Task goal: This exercise calls for retyping every line below exactly, with the images omitted.
*** Opening of Source data ***
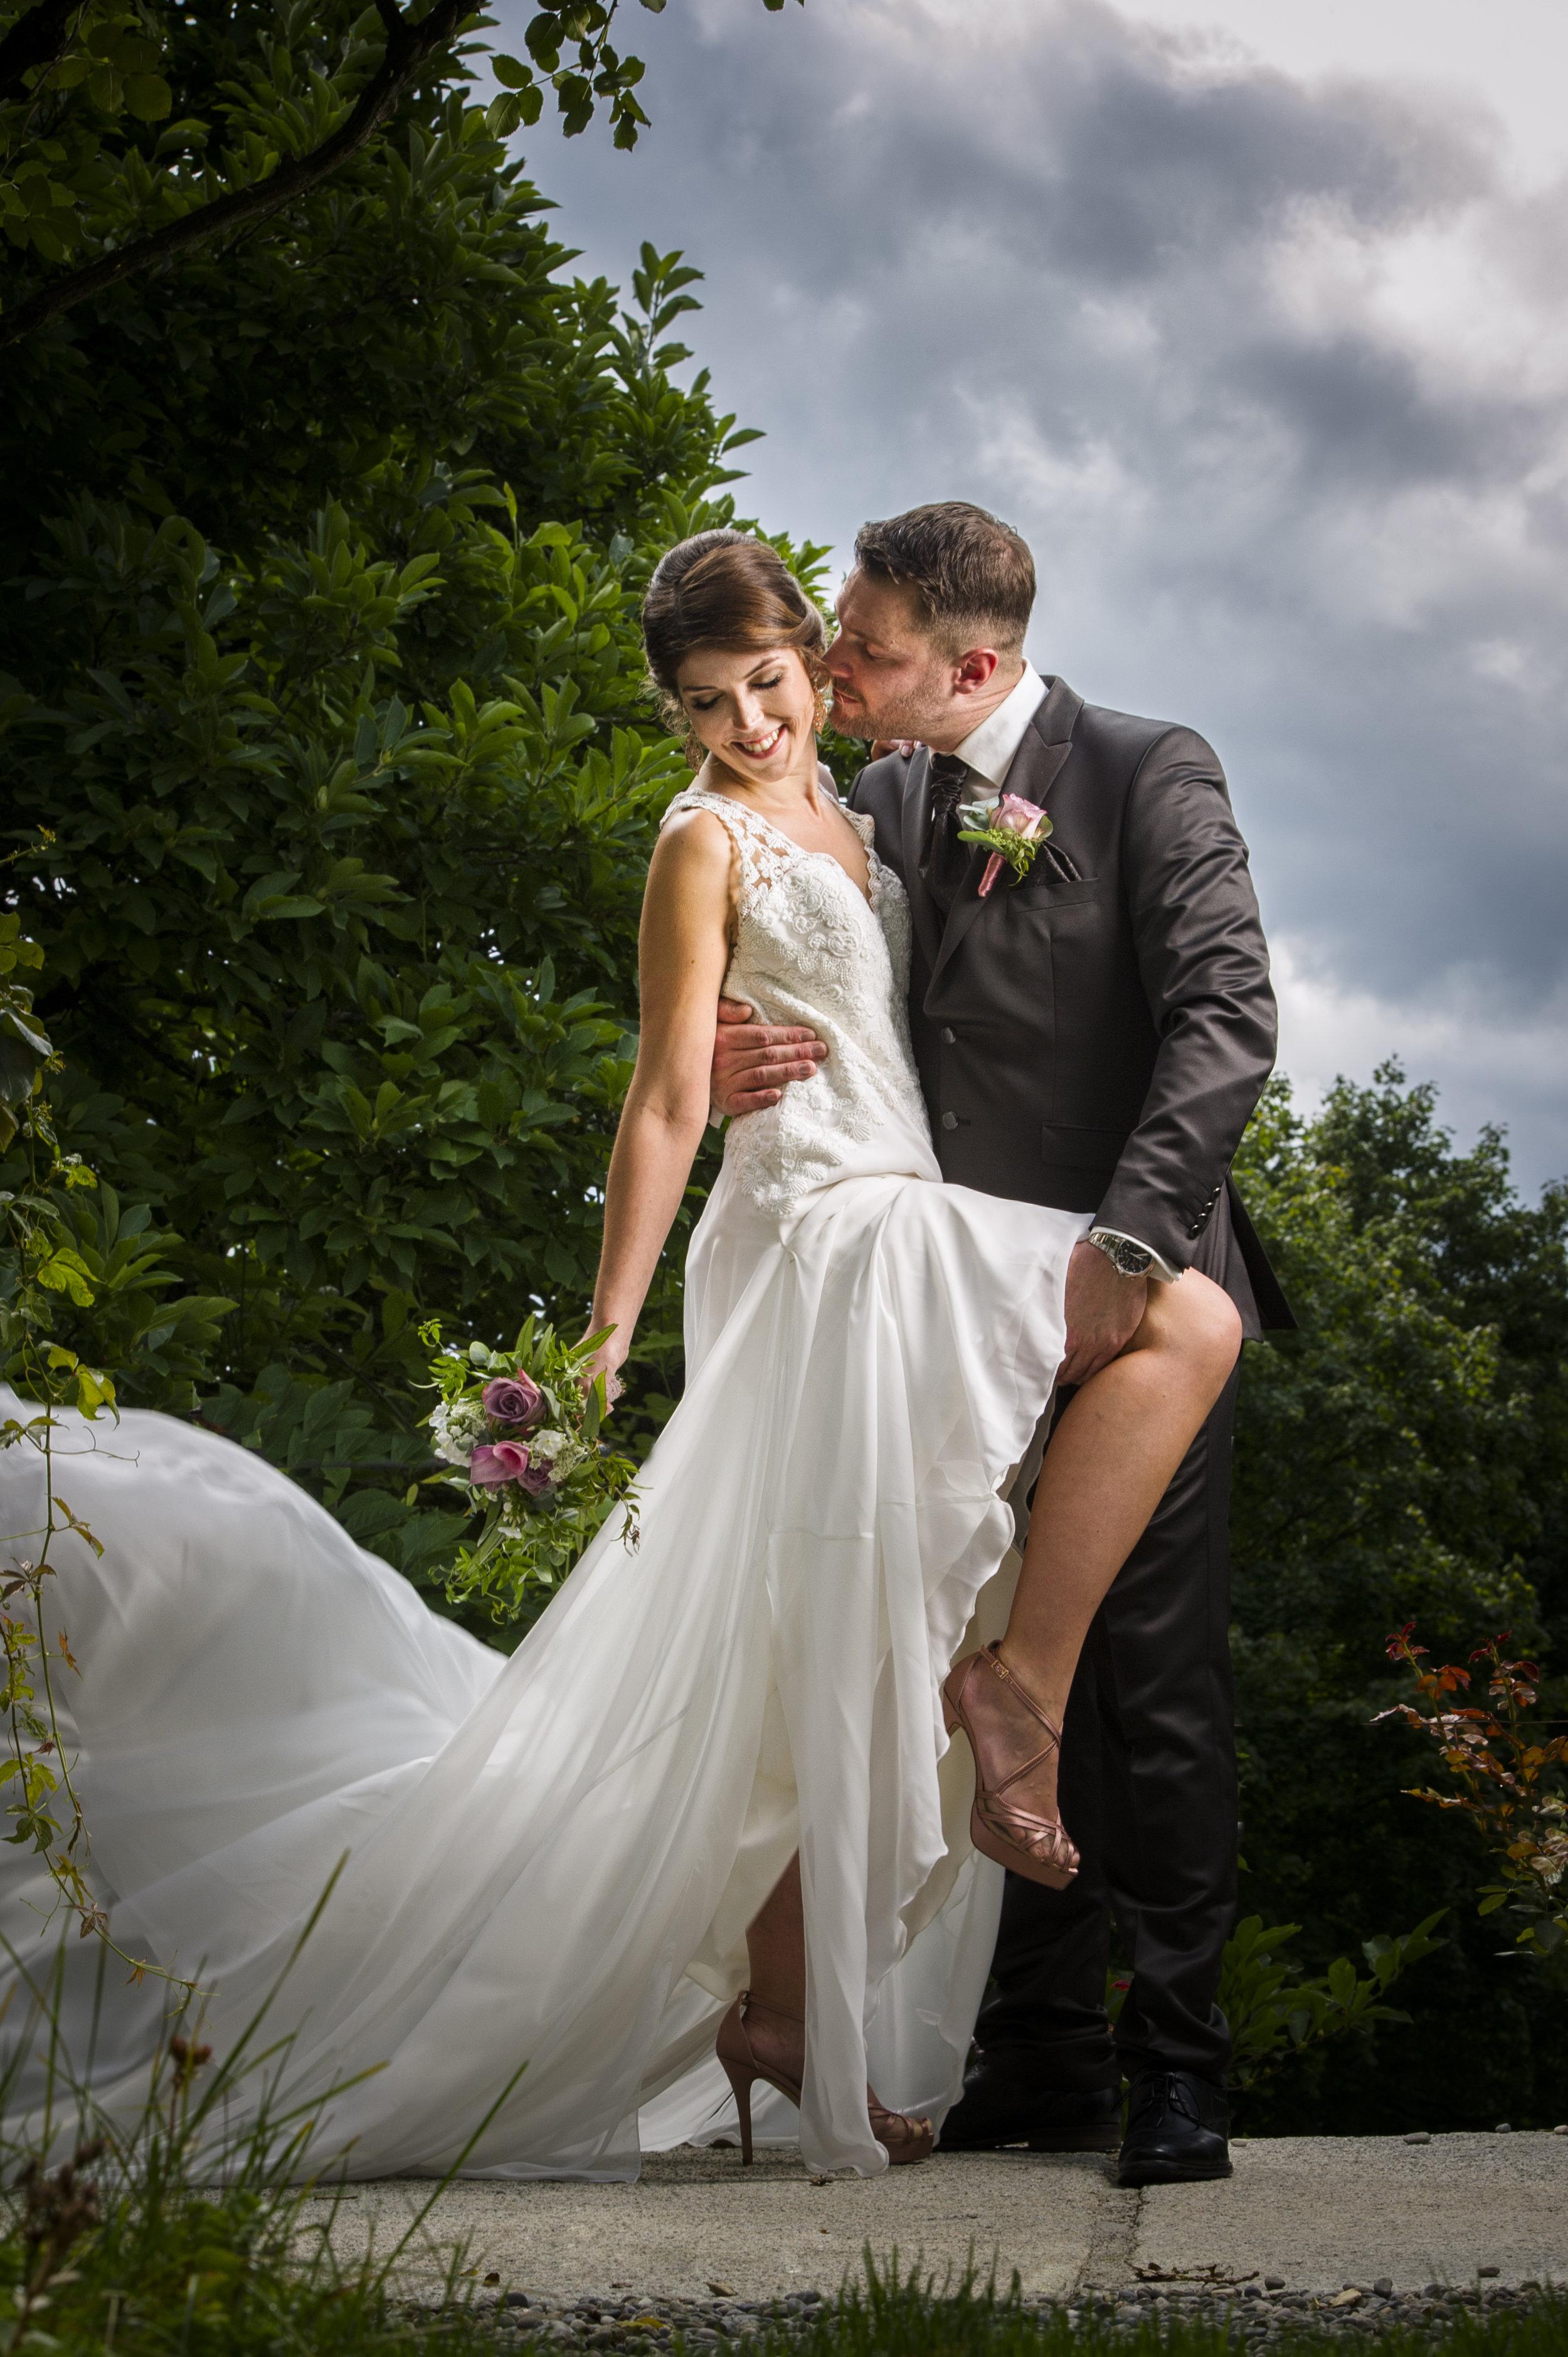 Auch ein schönes Paar in einer schönen Umgebung, aber an einer echten Hochzeit entstanden.
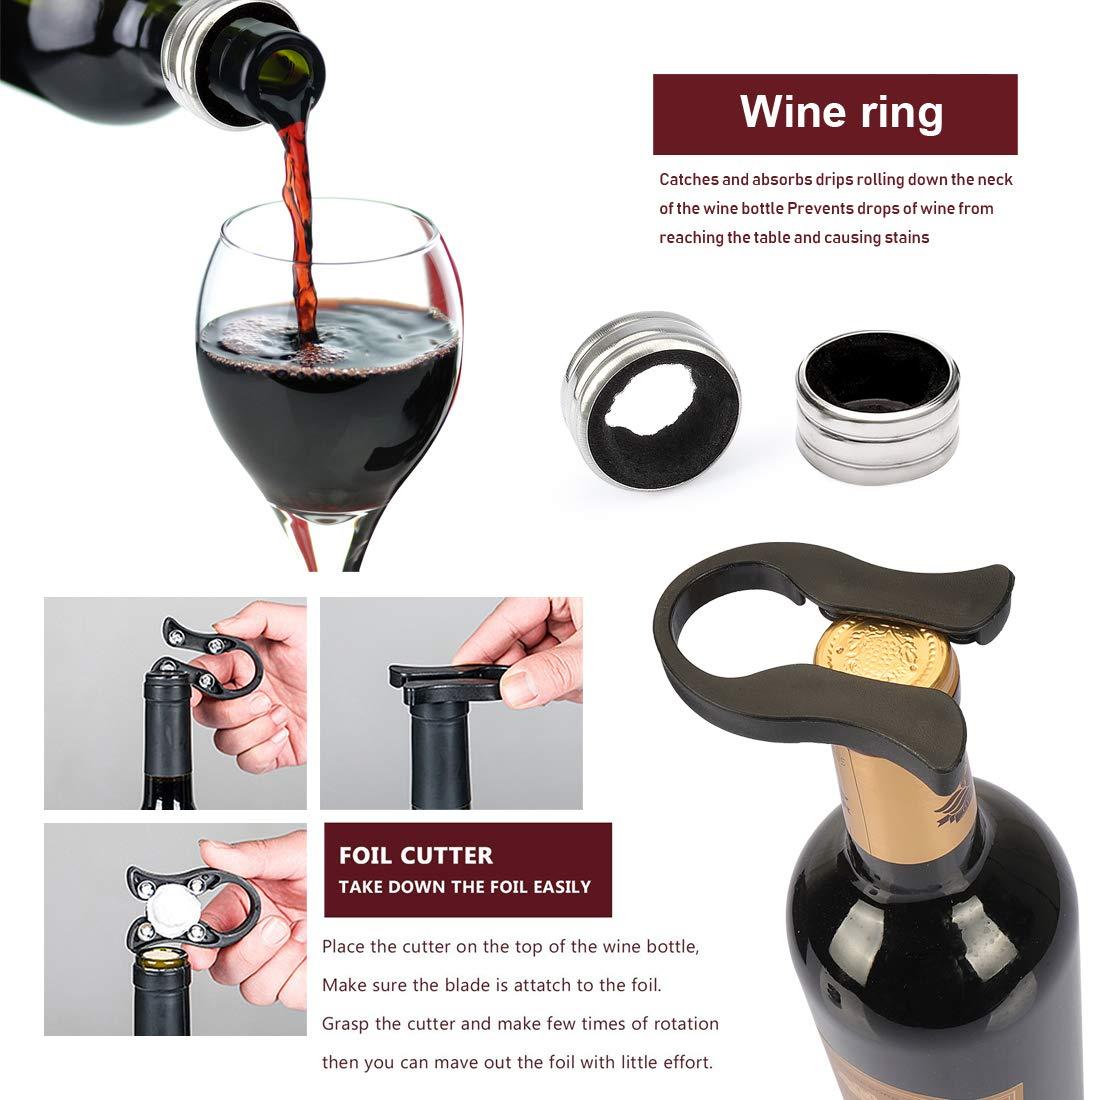 a/érateur de vin Coffret cadeau Tire-bouchon de vin bouteille de vin Opener kit Wine Saver Bouchon Yobansa/® Bambou Bo/îte /à vin Opener Jeu d/échecs de lapin Ensemble daccessoires de vin
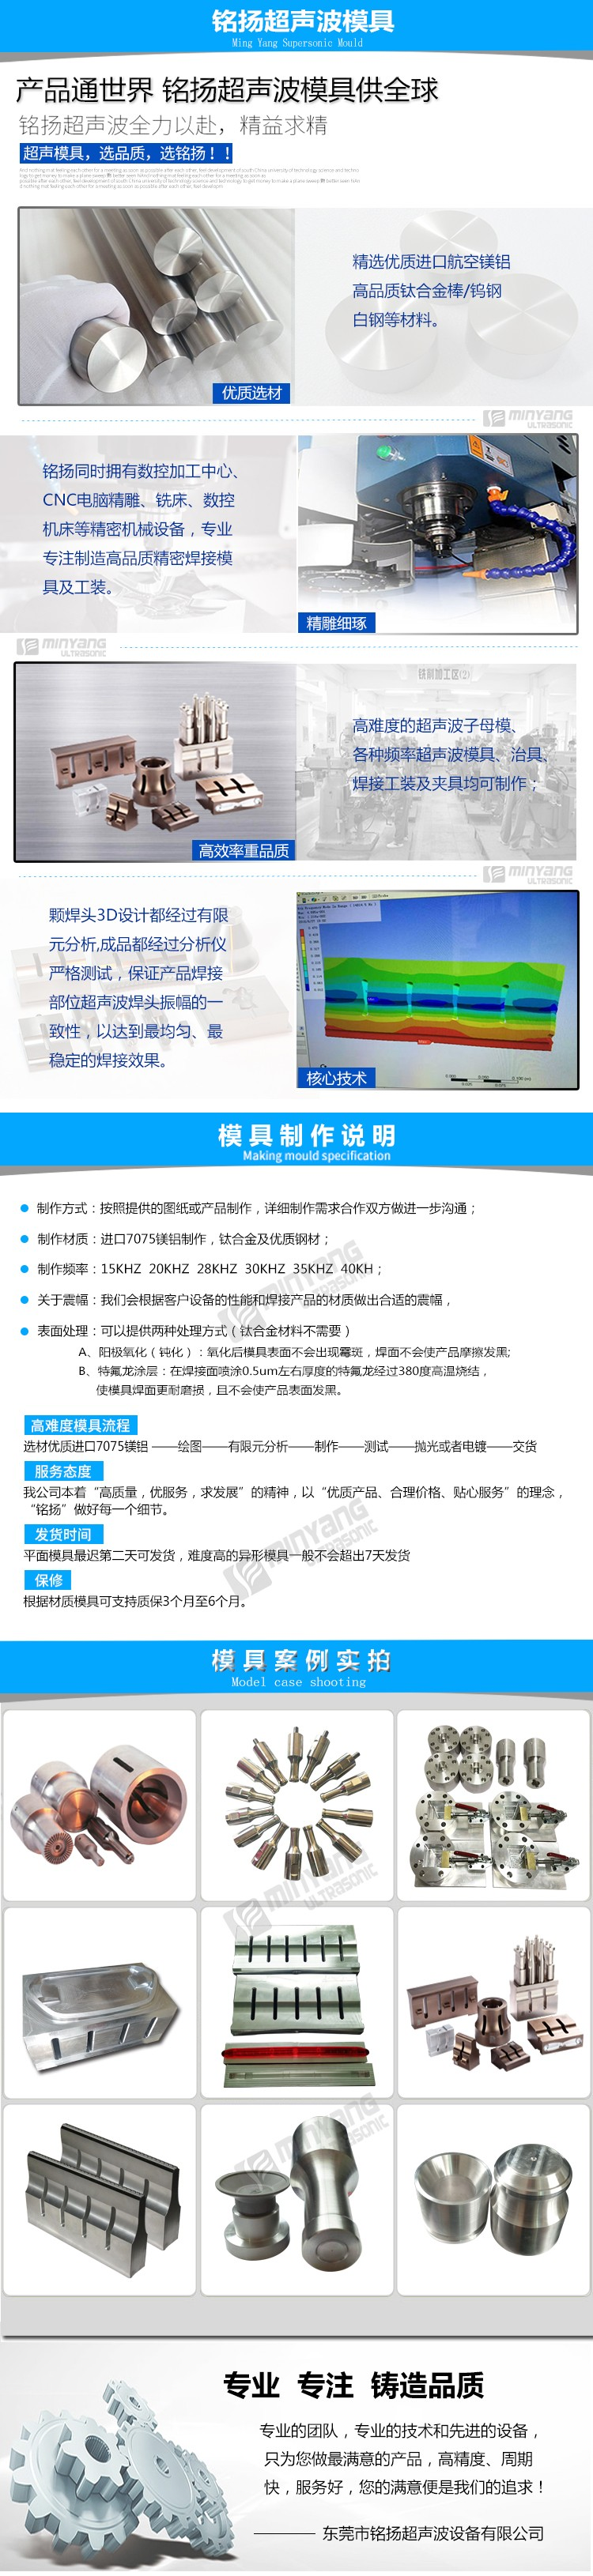 超声波模具|超音波模具|超声波焊头|超声波夹具治具|高周波模具|
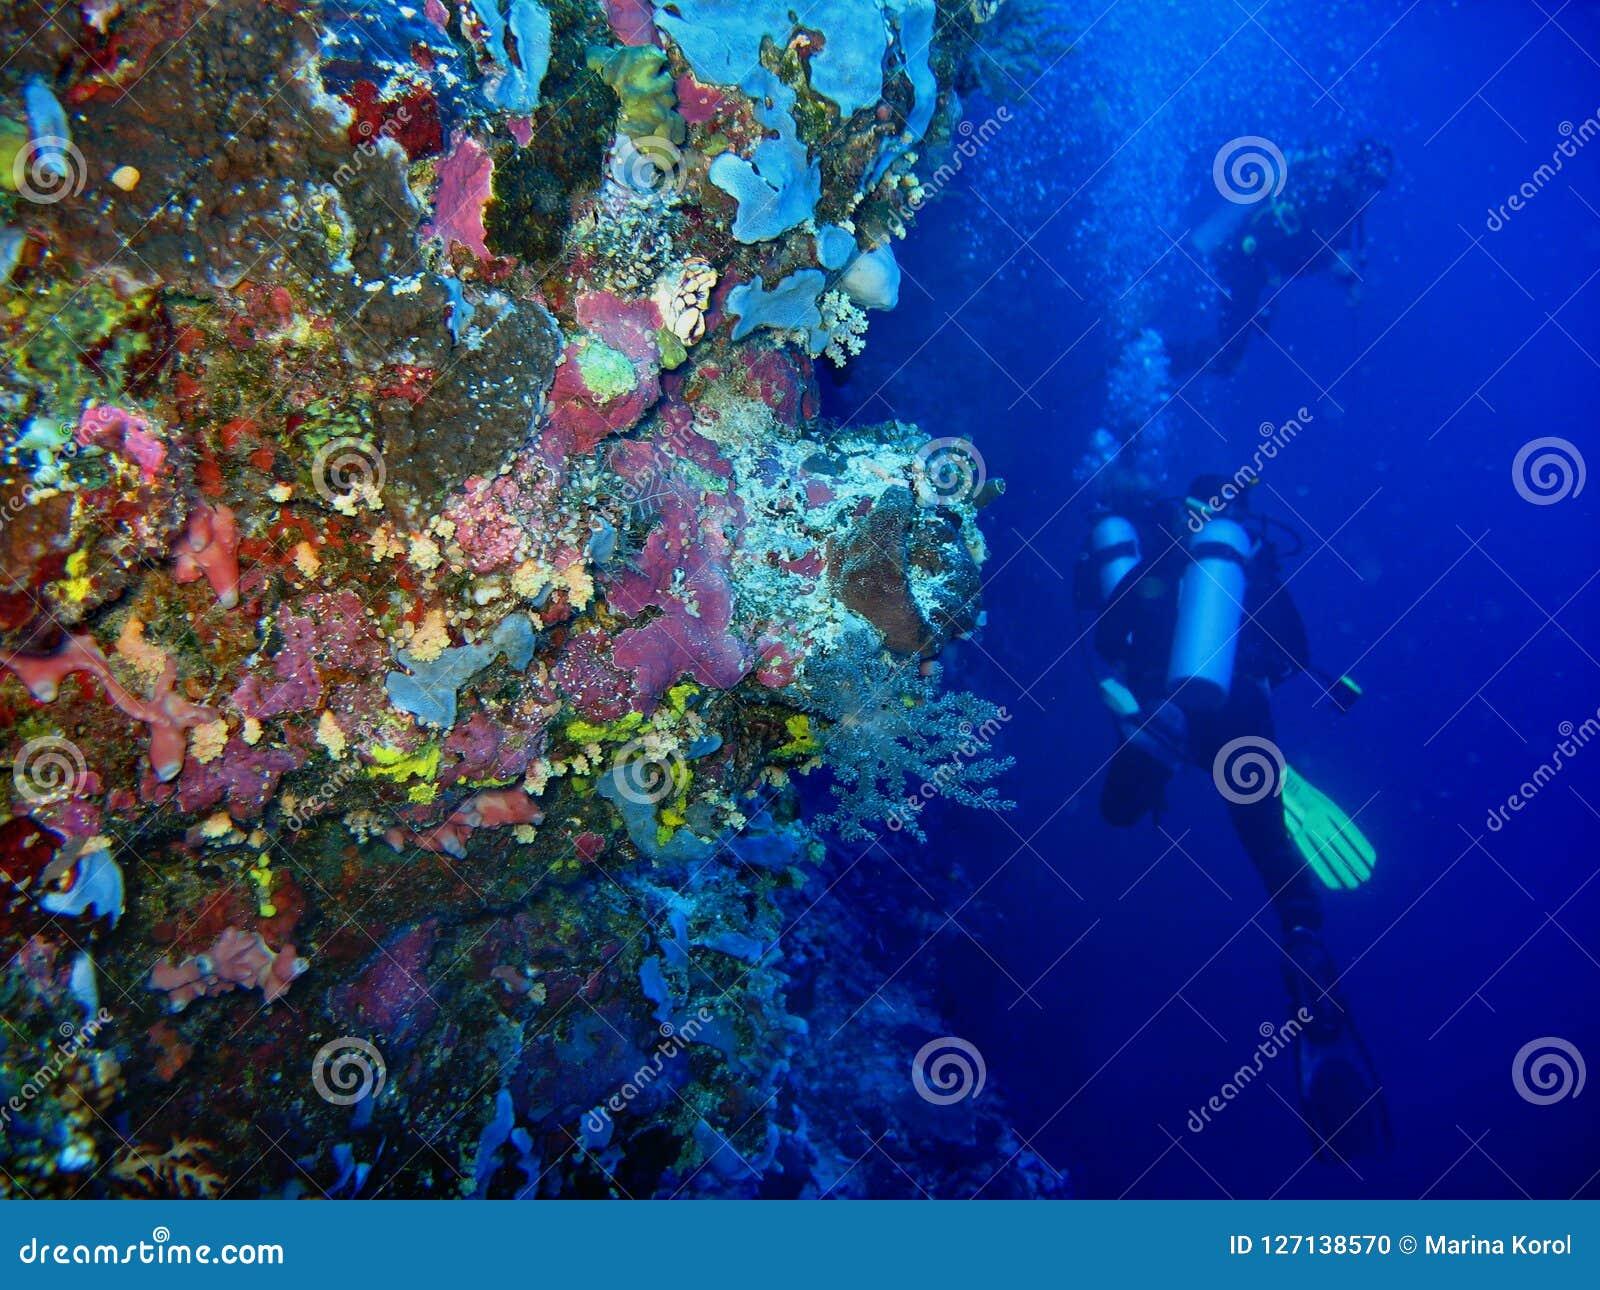 Φωτογραφία του υποβρύχιου άγριου κοραλλιού στο πρώτο πλάνο και δύο δύτες σκαφάνδρων είναι στο μπλε υπόβαθρο καθαρού νερού
*** Close of Source data ***
Written answer:
 Auch ein schönes Paar in einer schönen Umgebung, aber an einer echten Hochzeit entstanden.
 a/érateur de vin Coffret cadeau Tire-bouchon de vin bouteille de vin Opener kit Wine Saver Bouchon Yobansa/® Bambou Bo/îte /à vin Opener Jeu d/échecs de lapin Ensemble daccessoires de vin
 超声波模具|超音波模具|超声波焊头|超声波夹具治具|高周波模具|
 Φωτογραφία του υποβρύχιου άγριου κοραλλιού στο πρώτο πλάνο και δύο δύτες σκαφάνδρων είναι στο μπλε υπόβαθρο καθαρού νερού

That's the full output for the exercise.